WORK TO BE COMPLETED. An exact copy of the data below is needed; please leave out any pictures.

STORED DATA.
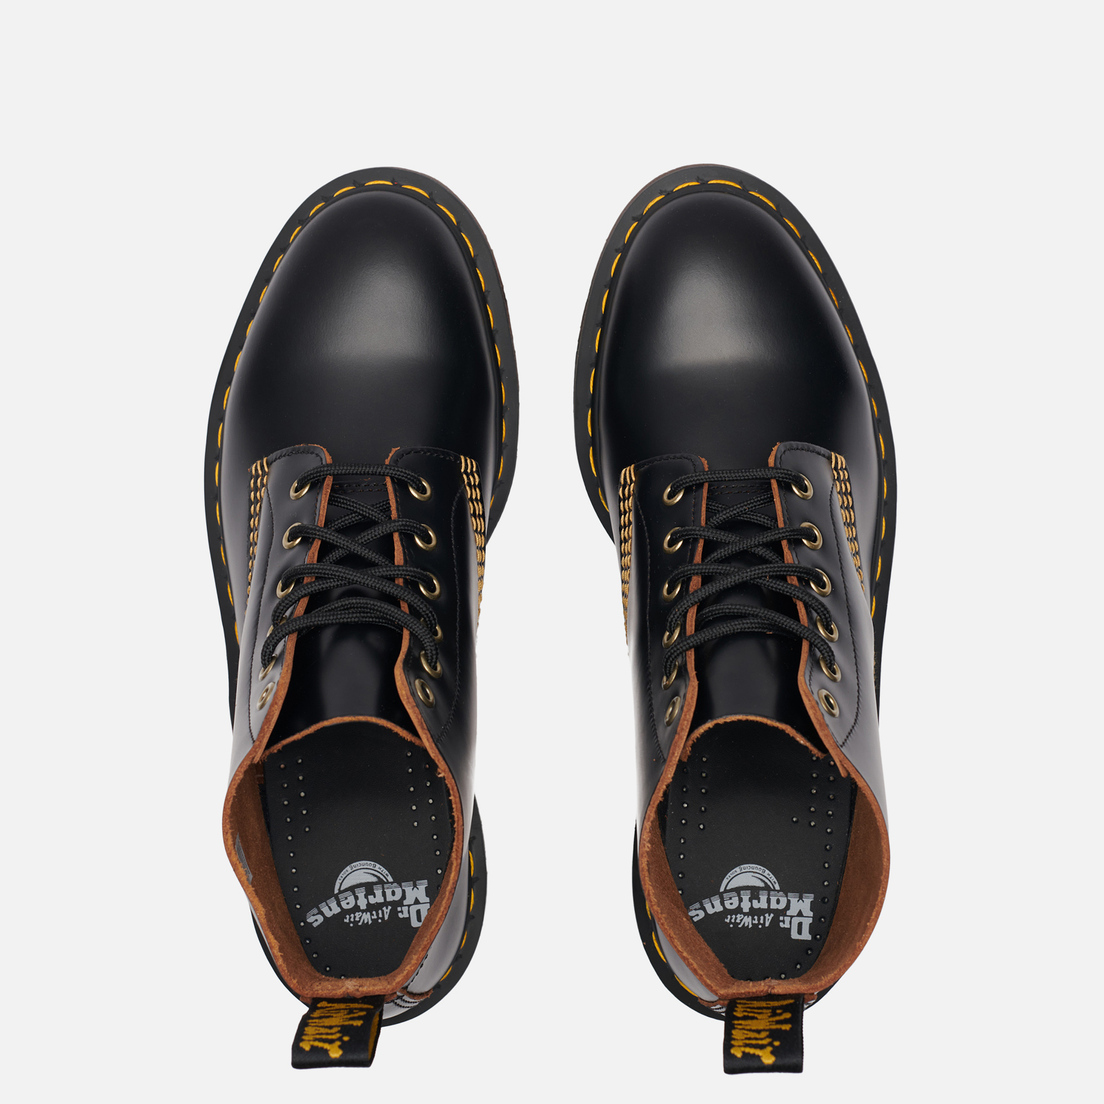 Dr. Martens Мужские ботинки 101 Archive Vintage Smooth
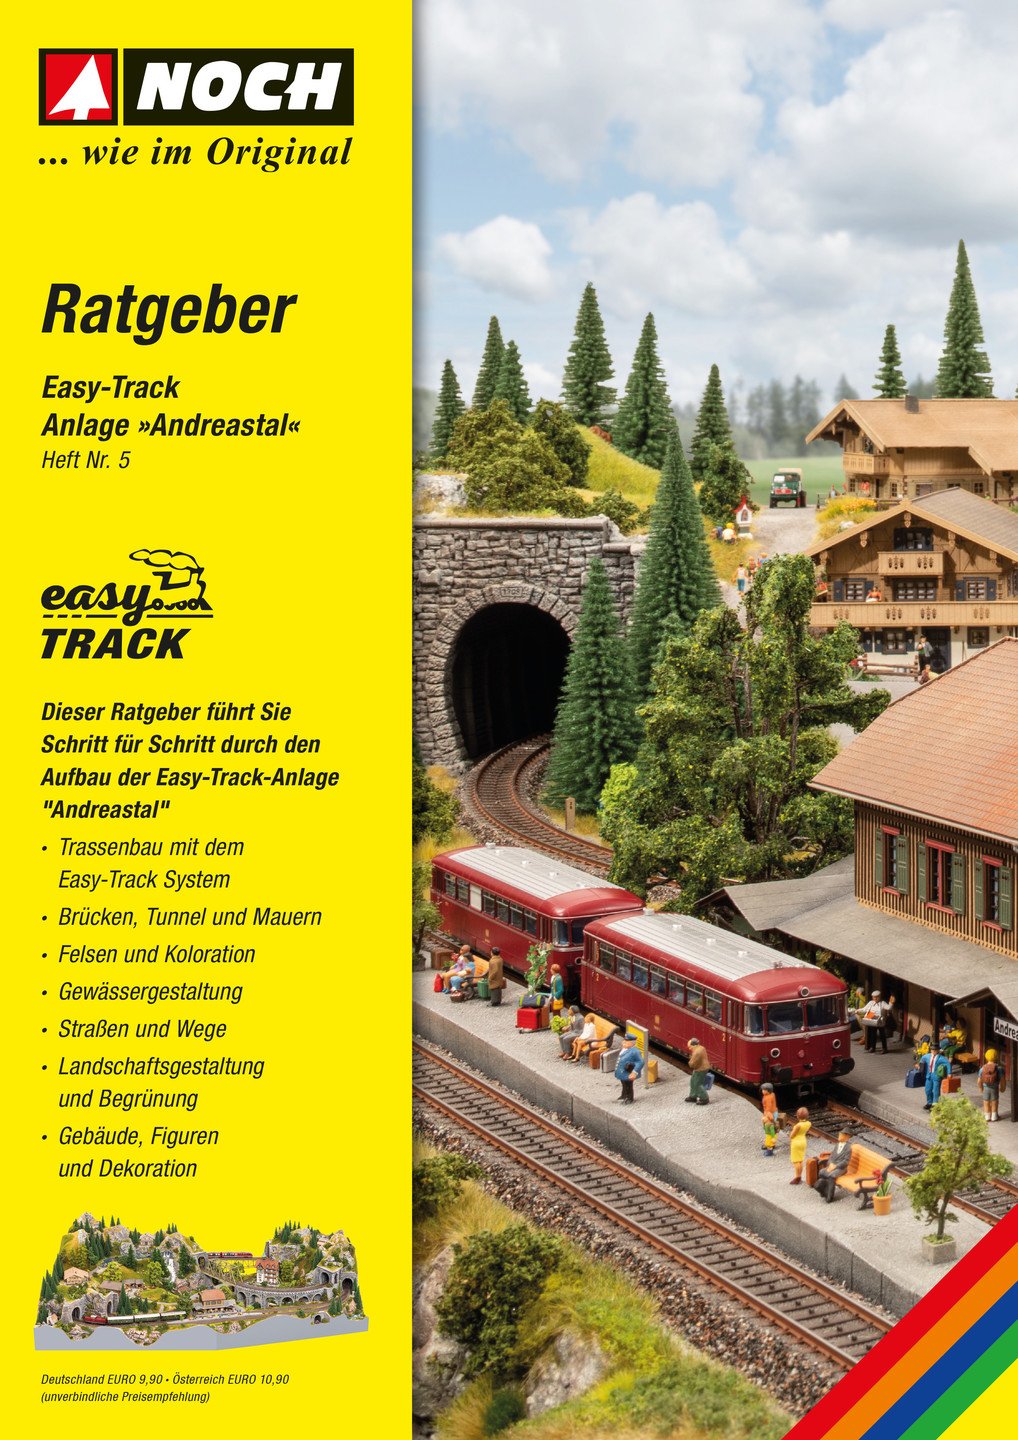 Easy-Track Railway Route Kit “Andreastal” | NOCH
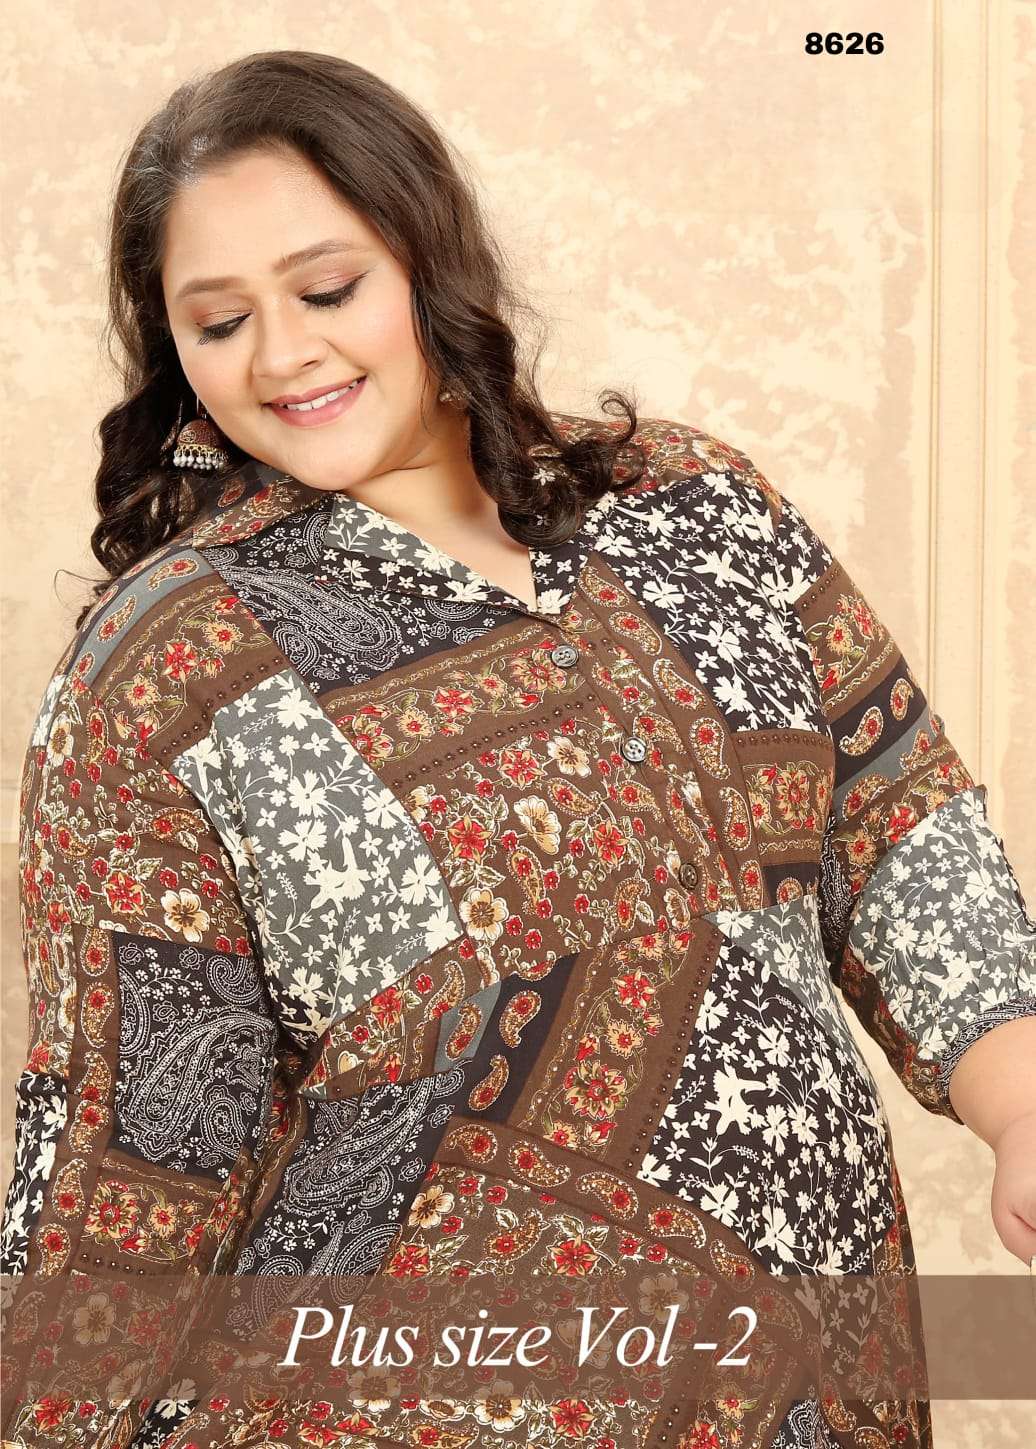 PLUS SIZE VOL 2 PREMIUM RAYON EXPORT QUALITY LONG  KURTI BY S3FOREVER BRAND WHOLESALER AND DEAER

EXERCISE RESPONSE.
 Dr. Martens Мужские ботинки 101 Archive Vintage Smooth
 Easy-Track Railway Route Kit “Andreastal” | NOCH
 PLUS SIZE VOL 2 PREMIUM RAYON EXPORT QUALITY LONG  KURTI BY S3FOREVER BRAND WHOLESALER AND DEAER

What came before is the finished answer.